Is it non-controversial to assume a randomness generator in a fundamental
thought experiment? Also macro state. It is hard to see how the deterministic
part of QM could be inconsistent. However the interpretation of its
application to accommodate classical concepts had never seemed self-consistent
even before this.

------
mlthoughts2018
Scott Aaronson discussed this on his blog,

[https://www.scottaaronson.com/blog/?p=3975](https://www.scottaaronson.com/blog/?p=3975)

The discussion there suggests there might be some semantic disagreement over
exactly what is meant by certain measurements and observer states in the
paradox, and so Aaronson at least does not agree that the paper creates the
trilemma situation that it primarily focuses on.
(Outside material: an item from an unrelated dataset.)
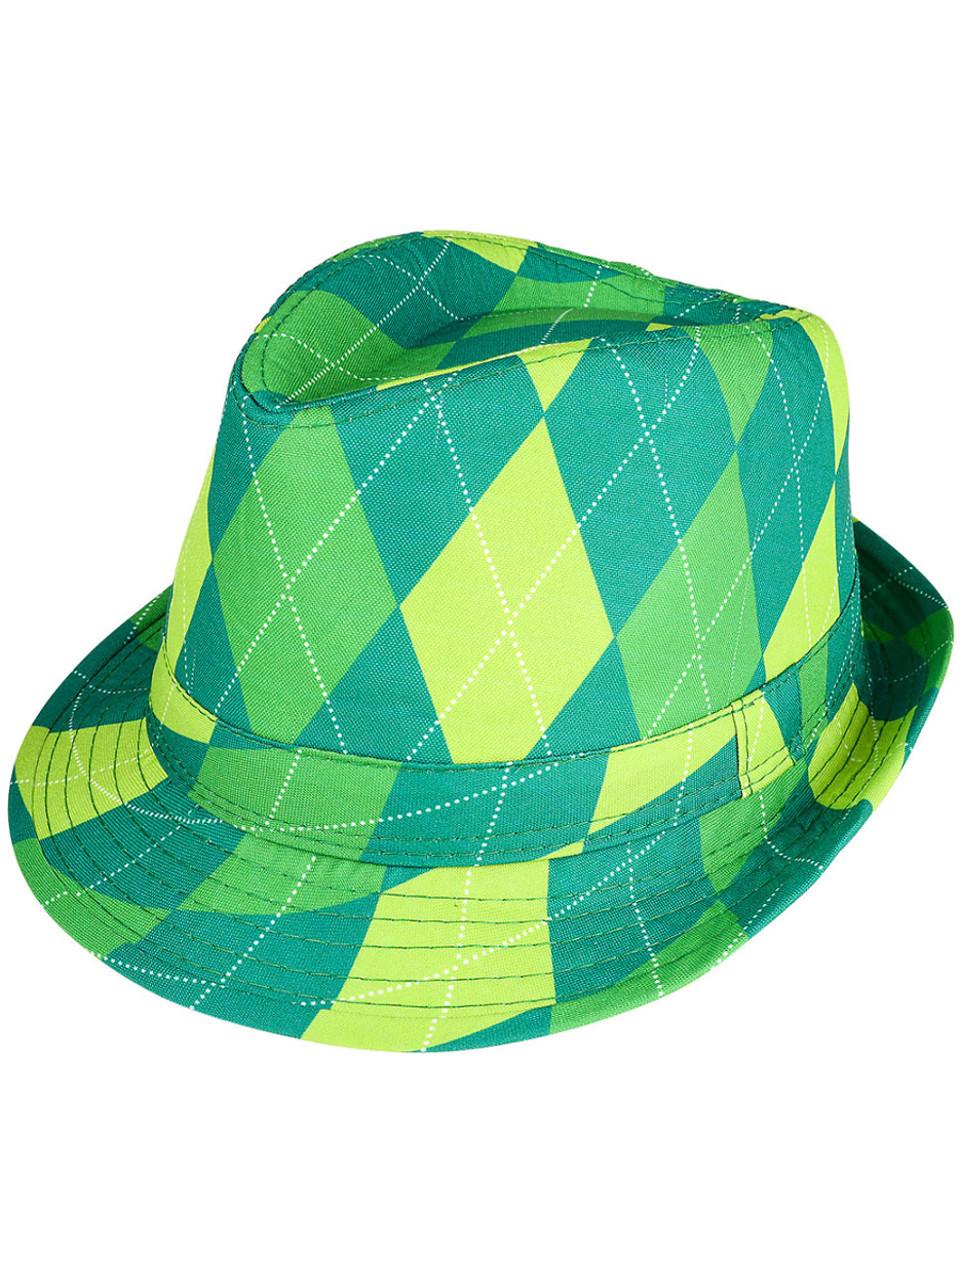 97d85f1d17250a Adults Saint Patrick's Day Gangster Irish Plaid Fedora Hat Costume Accessory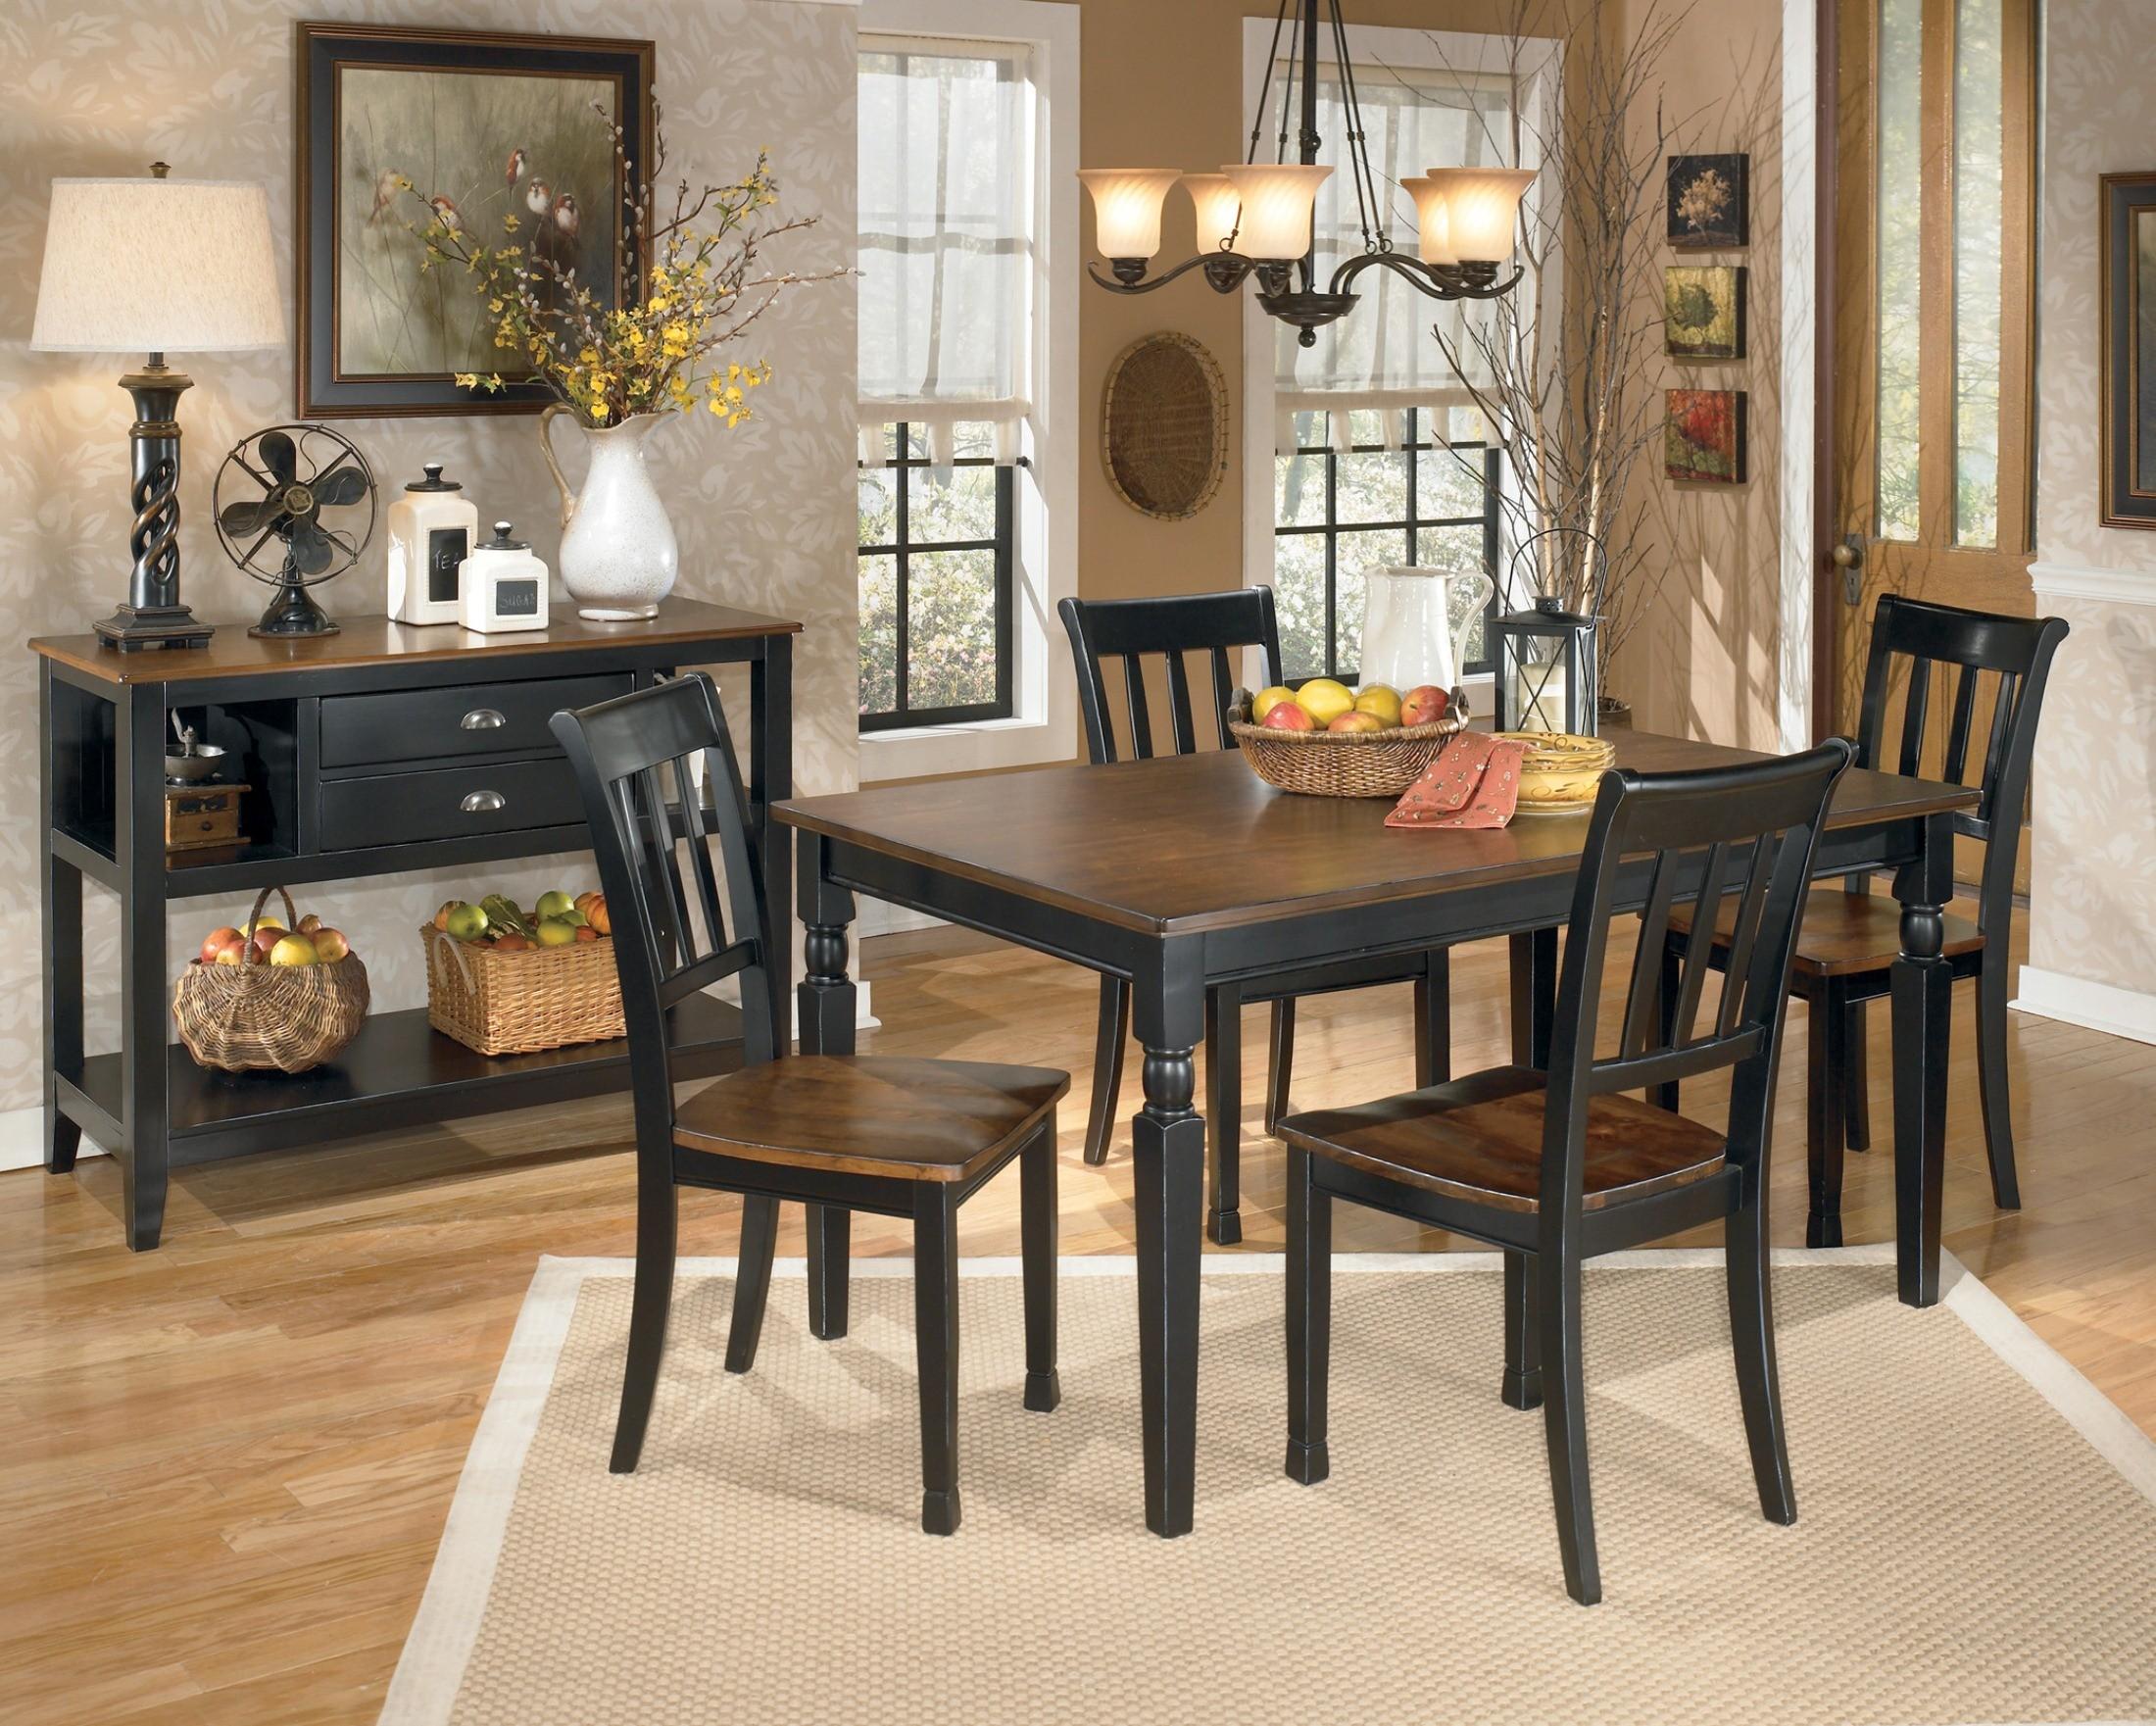 Owingsville Rectangular Dining Room Set from Ashley (D580)   Coleman Furniture

This discussion also breaks down the paradox into terms that describe it as a
combination of both the previously known thought experiments for Wigner’s
friend and Hardy’s paradox.

------
johncolanduoni
The first requirement of their no-go theorem ("an agent can be certain that a
given proposition holds whenever the quantum-mechanical Born rule assigns
probability-1 to it") is interesting, considering the fact that "happens with
probability one" is no longer synonymous with "always happens" when you have a
probability space with infinite cardinality. Hence the distinction between the
technical terms "almost always" and "always" in probability theory.

I haven't finished reading the paper, but does anyone who has already
encountered it know if this objection is covered (either in the paper itself
or in later discussion)?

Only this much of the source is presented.